A voz da mulher gritou à distância, de dentro do apartamento vizinho:

"Não faz isso, eles são pessoas 'de bem'!"

Taís destravou a segunda fechadura.

O homem, uma voz logo ali, respondeu à voz distante da mulher:

"E daí?"

Taís empurrou sua porta empenada, arrastando-a um pouco pelo chão, e entrou. Fechou-a com o tranco de sempre, encaixou a chave tetra na fechadura e, tal como antes, girou-a lentamente. Bem lentamente. Somente então ouviu a porta ao lado se abrir. Em silêncio, ela acompanhou os passos de alguém que caminhava em direção à lixeira do prédio, puxando o catarro do fundo dos pulmões e em seguida cuspindo lá dentro.

Ele só queria intimidá-la. Não havia conseguido.

Tomada de euforia, Taís flutuou de cômodo a cômodo do apartamento, acendendo as luzes e apreciando aquele lugar, o "seu cantinho". Era a primeira vez que morava sozinha, e sentimento algum lhe era mais querido que o de liberdade.

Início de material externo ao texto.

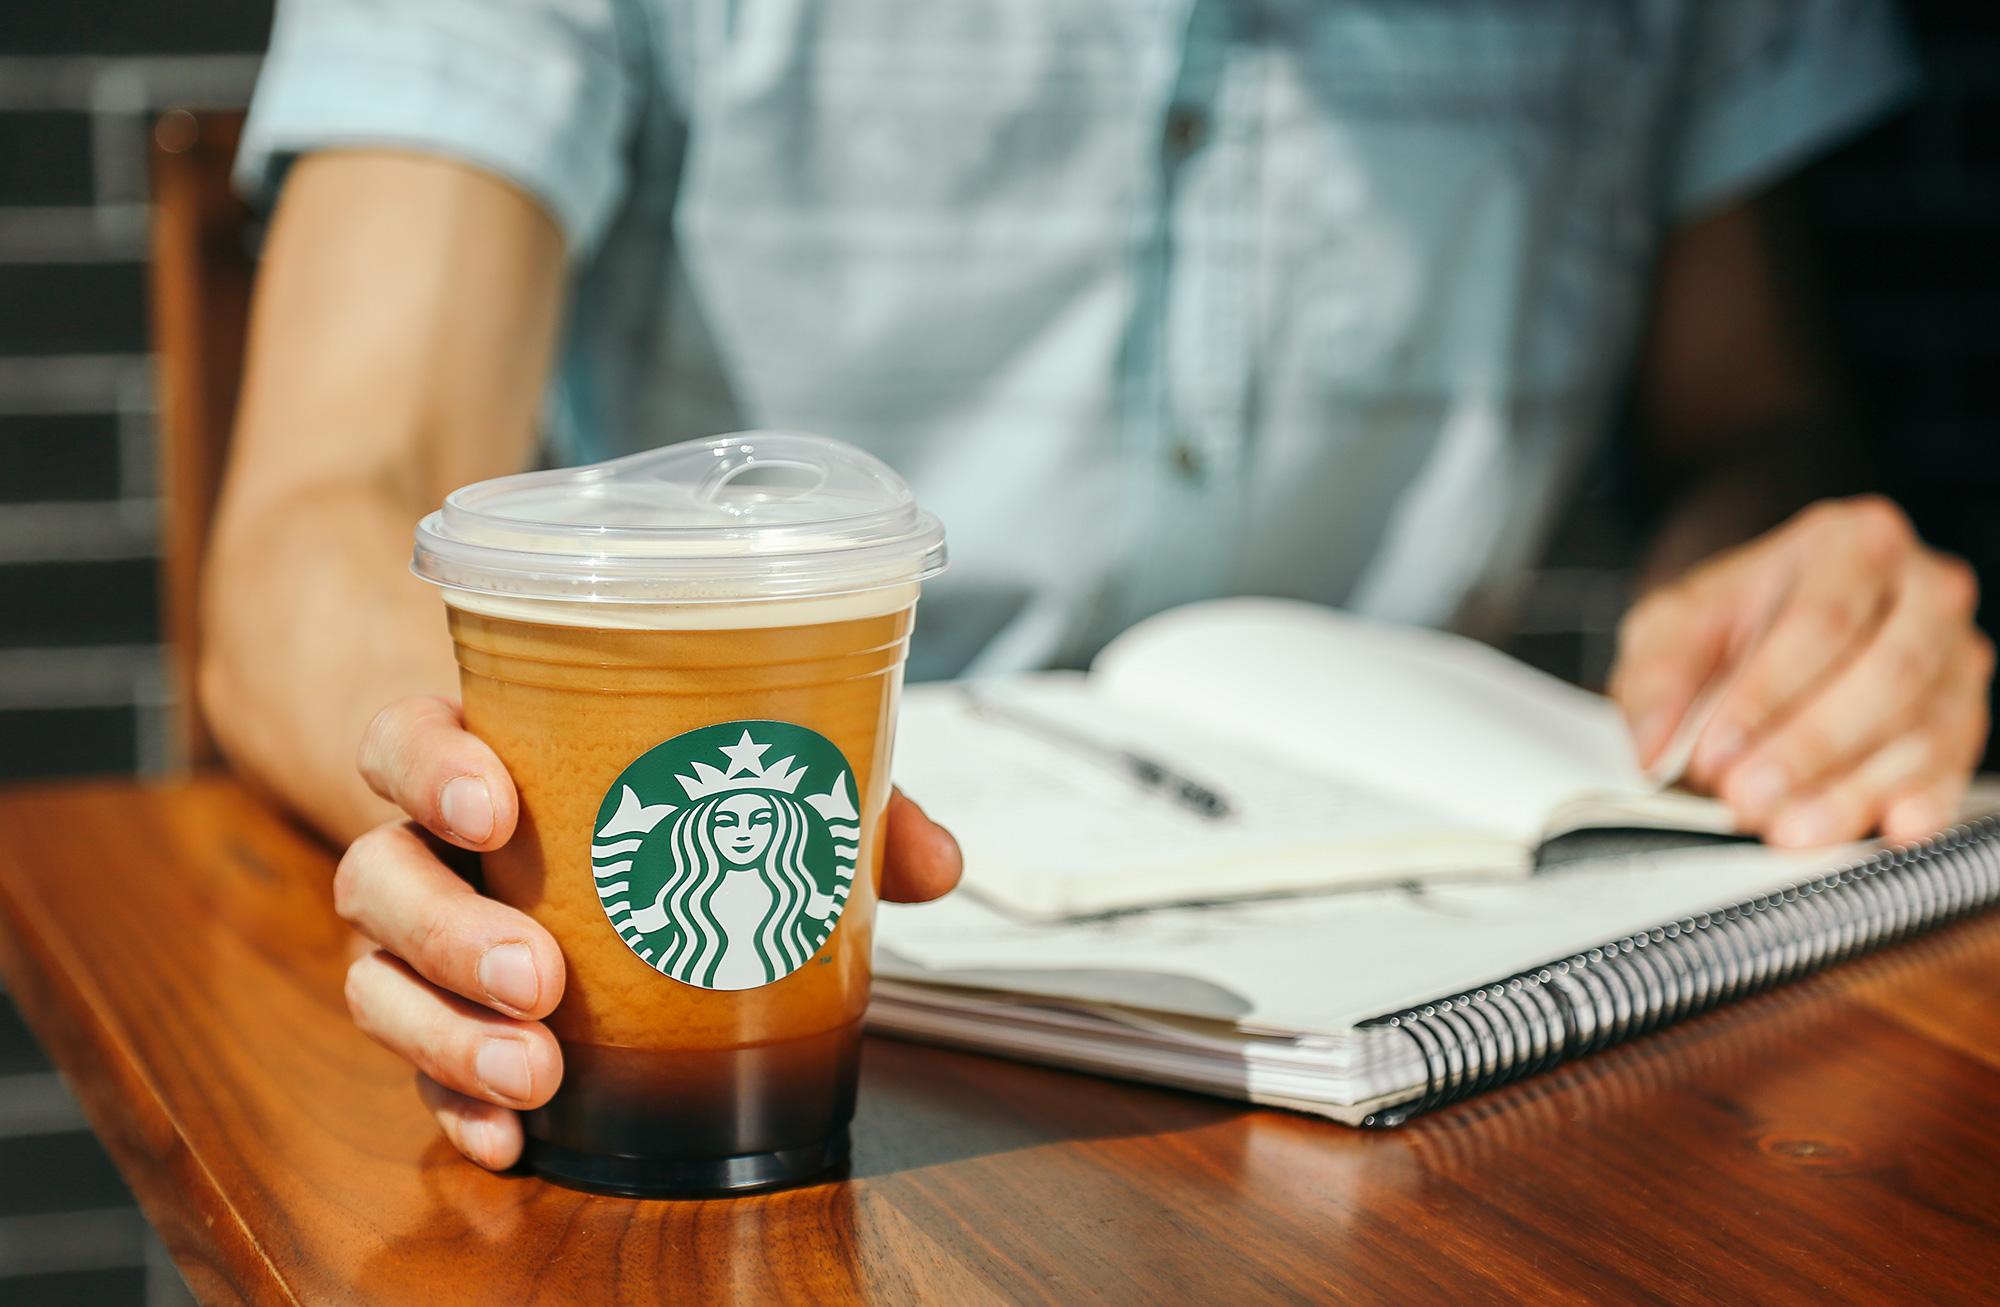 BIG Starbucks News!
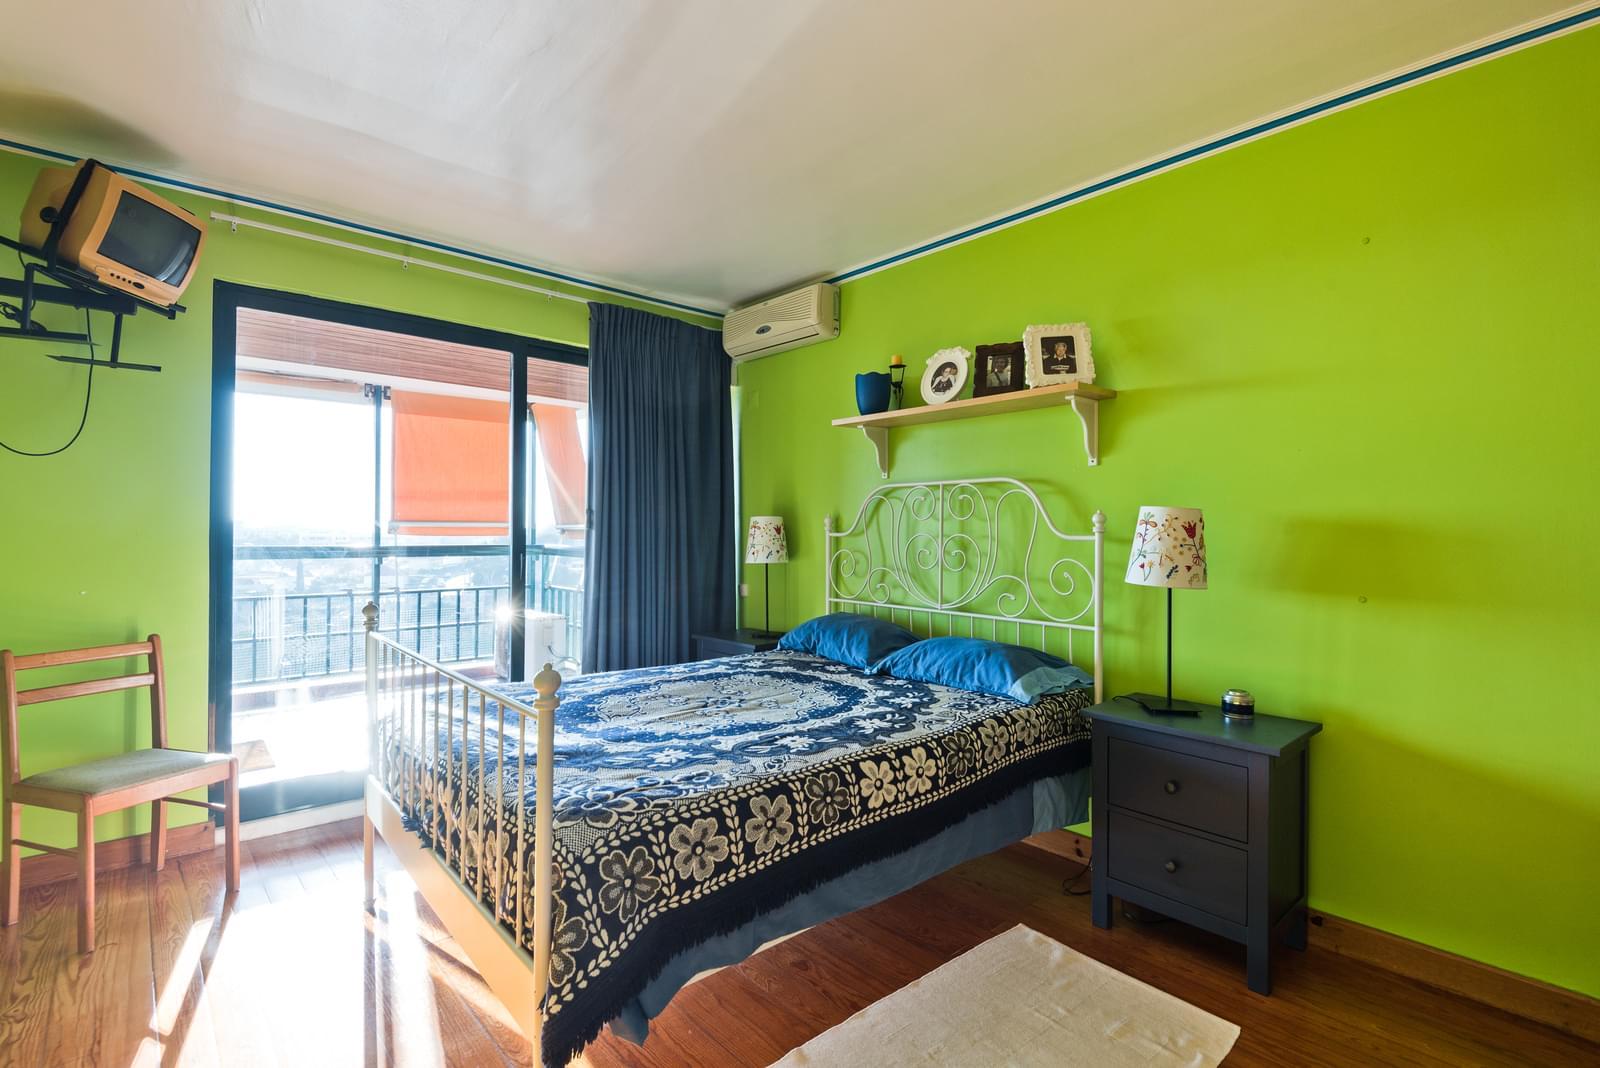 pf19112-apartamento-t3-cascais-85d0c363-1cb8-4e7f-9ba1-b5f525e770db

Um sorriso corria de ponta a ponta em seu rosto, e o pulso acelerado era resultado não somente da adrenalina, mas também da mais completa satisfação pessoal.

Ainda extática, puxou o smartphone da bolsa (o teclado destravado, precavida que era) e chamou o último número discado, o do celular de seu pai. Queria lhe contar que estava tudo bem – que, veja só!, ela sabia se cuidar e ele não precisava se preocupar, afinal. O pai atendeu logo ao primeiro toque.

"Tá em casa, filha? Tá tudo bem?", disparou a voz ansiosa do outro lado da linha.

De súbito, Taís perdeu o fôlego.

"Pai..."

Tanto a dizer, e ela não conseguia articular as palavras.

"Taís, o que houve, minha filha? Fala comigo!"

Silêncio. Já não se lembrava do que queria dizer há poucos minutos. Com a respiração bem rasa, ela juntou o ar que podia, somente o suficiente para dizer que...

"Pai... Quero voltar pra casa".

E o choro que se seguiu foi inexplicável e entrecortado por soluços.